# Is the 222 still unreliable?



## allargon (May 3, 2007)

I've read the problem threads. However, I've been on the 'net long enough to know that the people with problems will always complain the loudest (understandable) whereas the people with no issues will happily move along.

I currently have a 625 (not sure if owned or leased--was leased two years ago but no longer leased now according to my bill) in single mode, a 622 (leased) and a 211 (owned). I'd like to replace the 625 and 211 with a 222. I rarely use the DVR on the 625 anymore. My 211 is in my master bedroom. It works very well. I use component and Toslink. I absolutely will not go to another DVR in my master bedroom as the noise drives me nuts. (I have two HDTV's and two semi-active SDTV's.) My 622 currently supplies SDTV to my guest bedroom. I honestly don't want my guests seeing my DVR info, so I'd rather have a 222 supply it with a SD feed. Moreover, one receiver and one DVR will be a little bit cheaper than 2 DVR's and one receiver monthly.

Thanks in advance for any assistance (or criticism). I apologize in advance if I violated any rules.


----------



## wreck (Oct 27, 2007)

I've had the 222 since October '07. I had problems in January '08 (like many). Since the software updates at that time -- everything has been very good.


----------



## Jason Nipp (Jun 10, 2004)

Some very minor quirks, the last software update took care of the big ones.
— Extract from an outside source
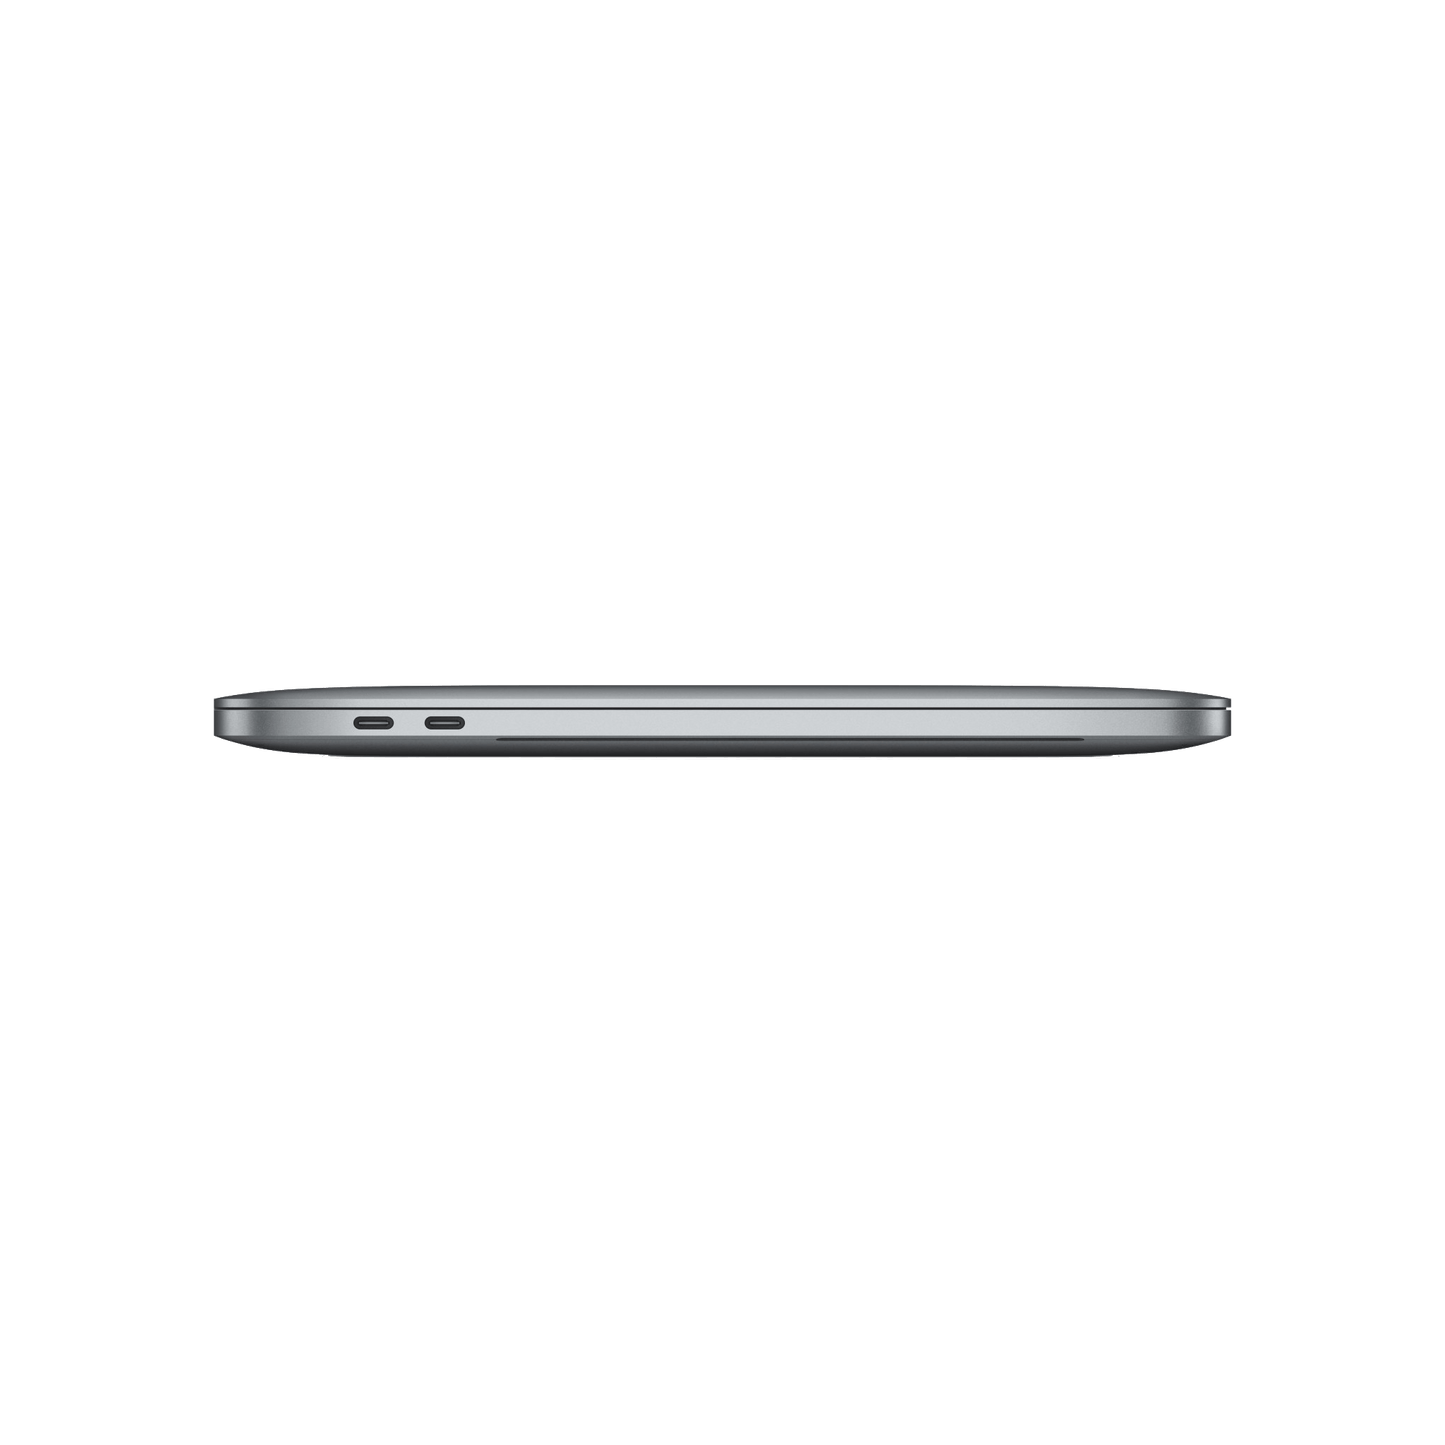 Refurbished MacBook Pro Touchbar 13" i5 2.3 8gb 256gb
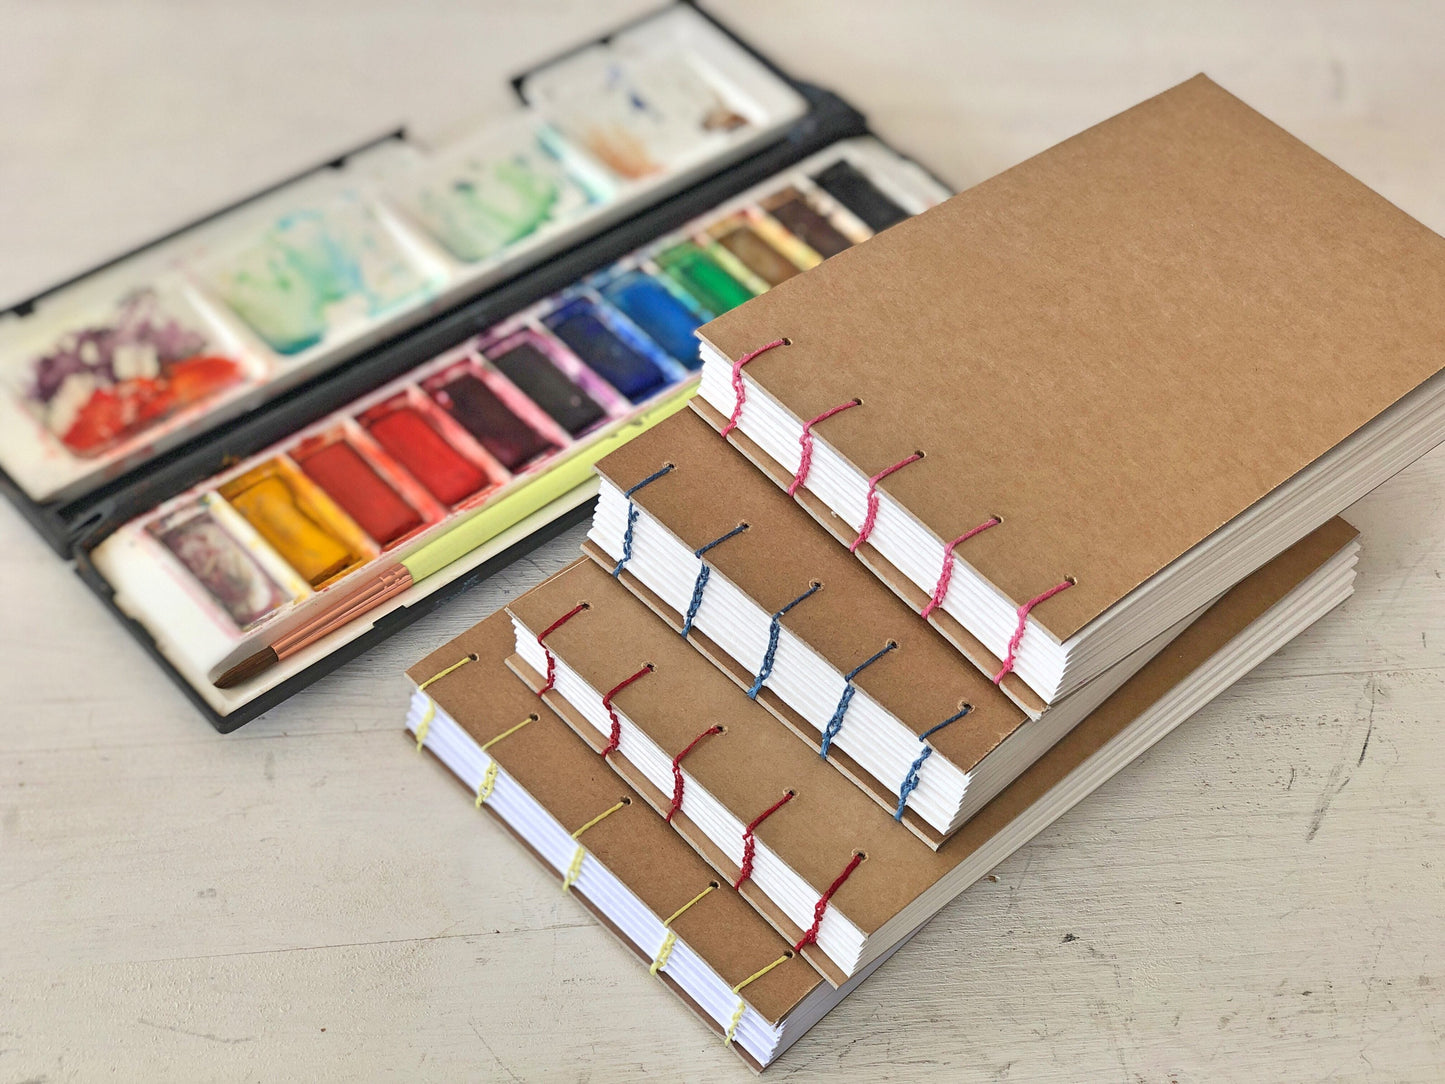 Pocket Watercolor Journals with 140lb Mixed Media paper, Hardcover Open Flat Coptic Landscape Sketchbooks, Gift for Artist, Urban Sketcher

Mileage varies depending on complete setup.


----------



## allargon (May 3, 2007)

Groovy. Methinks I will be picking up one and selling the 211 and giving away the 625.


----------



## Jason Nipp (Jun 10, 2004)

I thought the 625 is a lease only box. I would call Dish and make sure those receivers are really yours before selling or disposing of them.


----------



## allargon (May 3, 2007)

Jason Nipp said:


> I thought the 625 is a lease only box. I would call Dish and make sure those receivers are really yours before selling or disposing of them.


I have no idea. I no longer pay a lease fee for it. I'm giving it away to a friend. If they decide it's leased then I'll send it back. The 211 is definitely owned, and the 622 is definitely leased. I forgot to ask--no issues with the Toslink output on the 222 as I do use that on my 211?


----------



## Jason Nipp (Jun 10, 2004)

allargon said:


> I have no idea. I no longer pay a lease fee for it. I'm giving it away to a friend. If they decide it's leased then I'll send it back. The 211 is definitely owned, and the 622 is definitely leased. I forgot to ask--no issues with the Toslink output on the 222 as I do use that on my 211?


I use Toslink, No problems.

I also use HDMI, no problems with audio or video to my Sammy display.


----------



## bill1767 (May 25, 2006)

All is good in vip222 land!


----------



## Cap'n Preshoot (Jul 16, 2006)

I cannot say 222 ownership has been without incident, though it has "improved" but still not what I'd call 100%.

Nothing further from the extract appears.